Plague chromosome and plasmid sequence coverage

(A) Coverage and %GC variation along 1,000 bp windows along the CO92 plague reference genome ( GenBank: NC_003143.1) (Parkhill et al., 2001). Average depth-of-coverage was calculated using Paleomix (Schubert et al., 2014). %GC composition was calculated using seqtk (https://github.com/lh3/seqtk). Circular plots were traced using the circlize library in R (Gu et al., 2014) (max = 10-fold). In case multiple genomes are available for one site, the genome showing maximal coverage is shown.

(B) Coverage and %GC variation along 100 bp windows along the pCD1 plague plasmid (GenBank: NC_003131.1).

(C) Same as panel B, except that the pMT1 plasmid is shown (GenBank: NC_003134.1).

(D) Same as panel B, except that the pPCP1 plasmid is shown (GenBank: AL109969.1).
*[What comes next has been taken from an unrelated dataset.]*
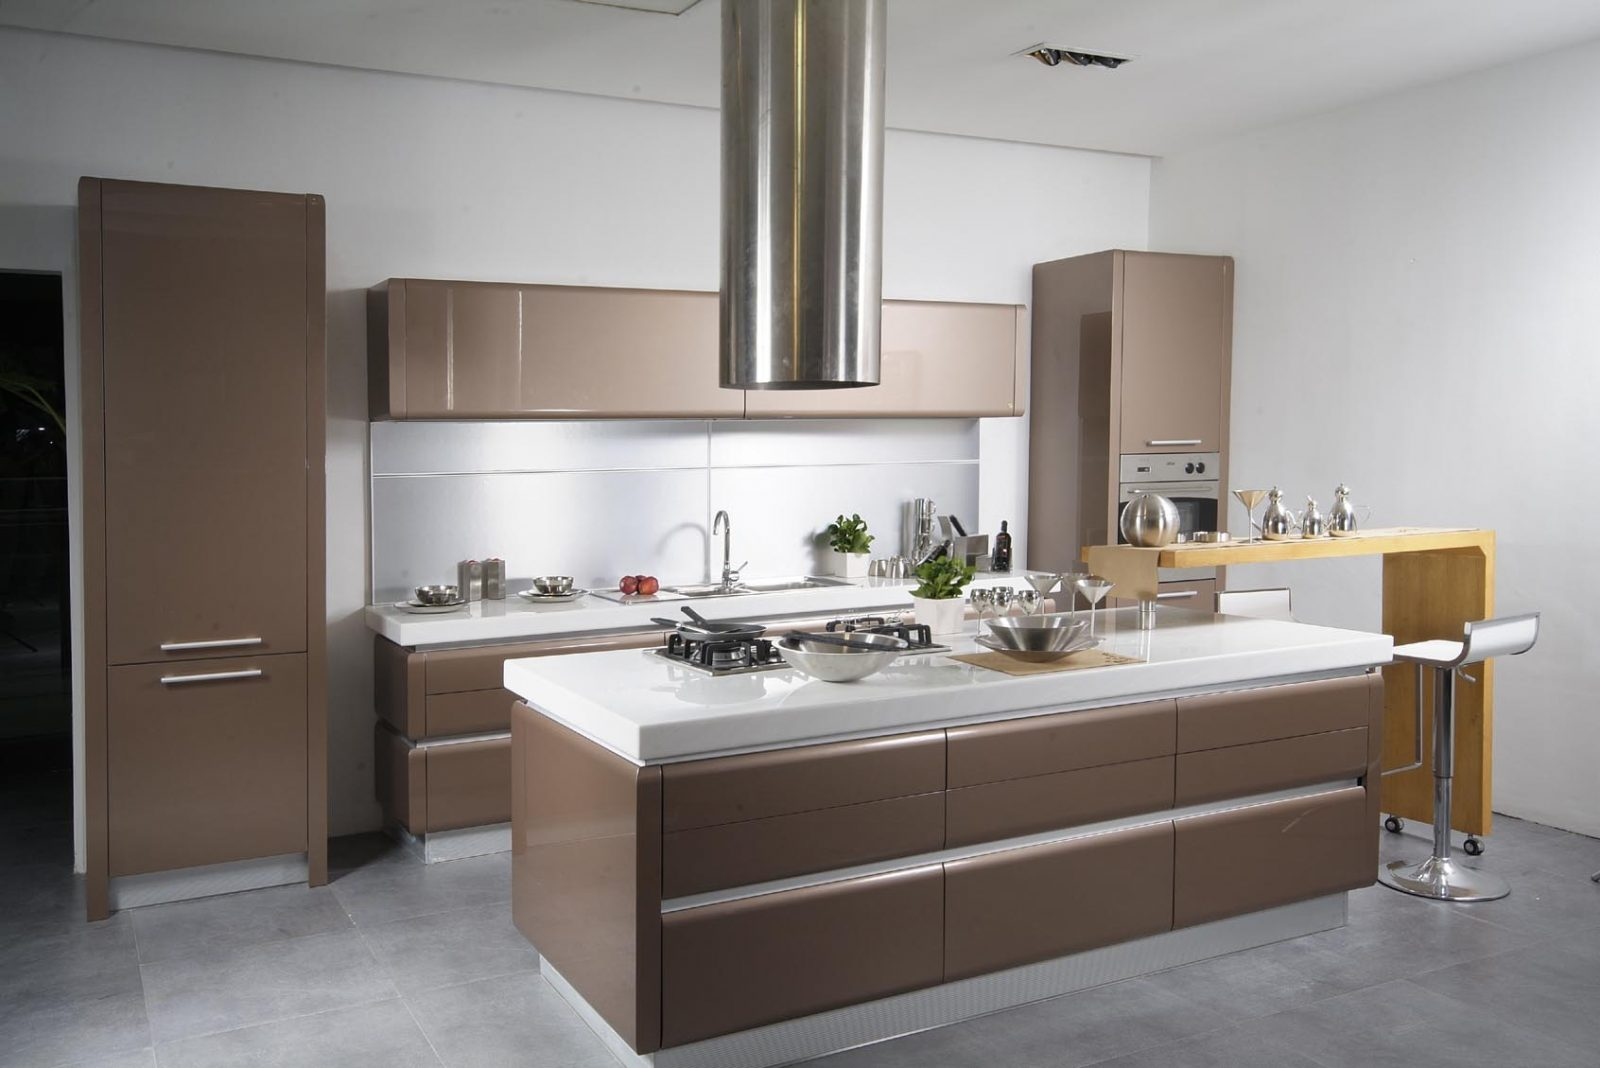 Muebles de cocina de melamina im genes y fotos Fotos de cocina
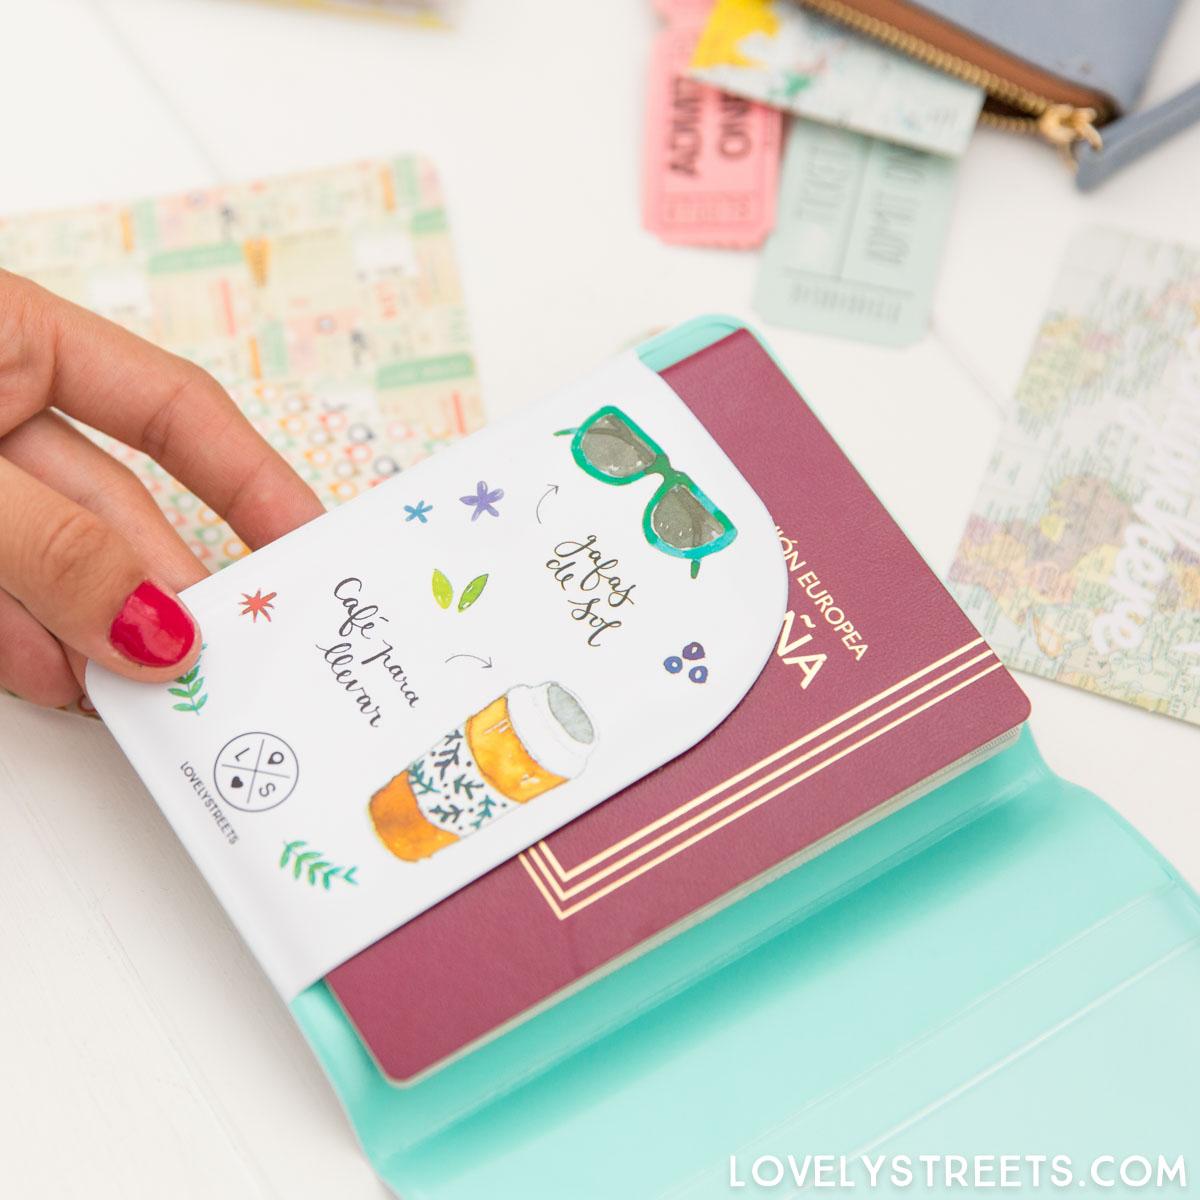 LOVELYSTREETS_8435439301428_funda-pasaporte_voy-a-vivir-un-millon-de-aventuras_CAST-12

(E) Edit distance profiles obtained when mapping the sequence data underlying the LAR8 and LAR11 genomes and a comparative panel of 78 ancient and 155 modern Yersiniapestis (Ype), Yersinia pseudotuberculosis (Yps) and Yersinia similis (Ysi) sequence datasets aligned against the Ype and Yps reference genomes, respectively (Table S2). Edit distance distributions were considered as long as based on a minimum of 500 reads.

(F) Heterozygosity profiles of the LAR8 and LAR11 genomes and a comparative panel of 78 ancient and 129 modern Yersinia pestis sequence datasets aligned against the CO92 Yersinia pestis reference chromosome (Table S2). Transition SNPs were disregarded to account for the differential rates of postmortem DNA damage amongst the comparative panel.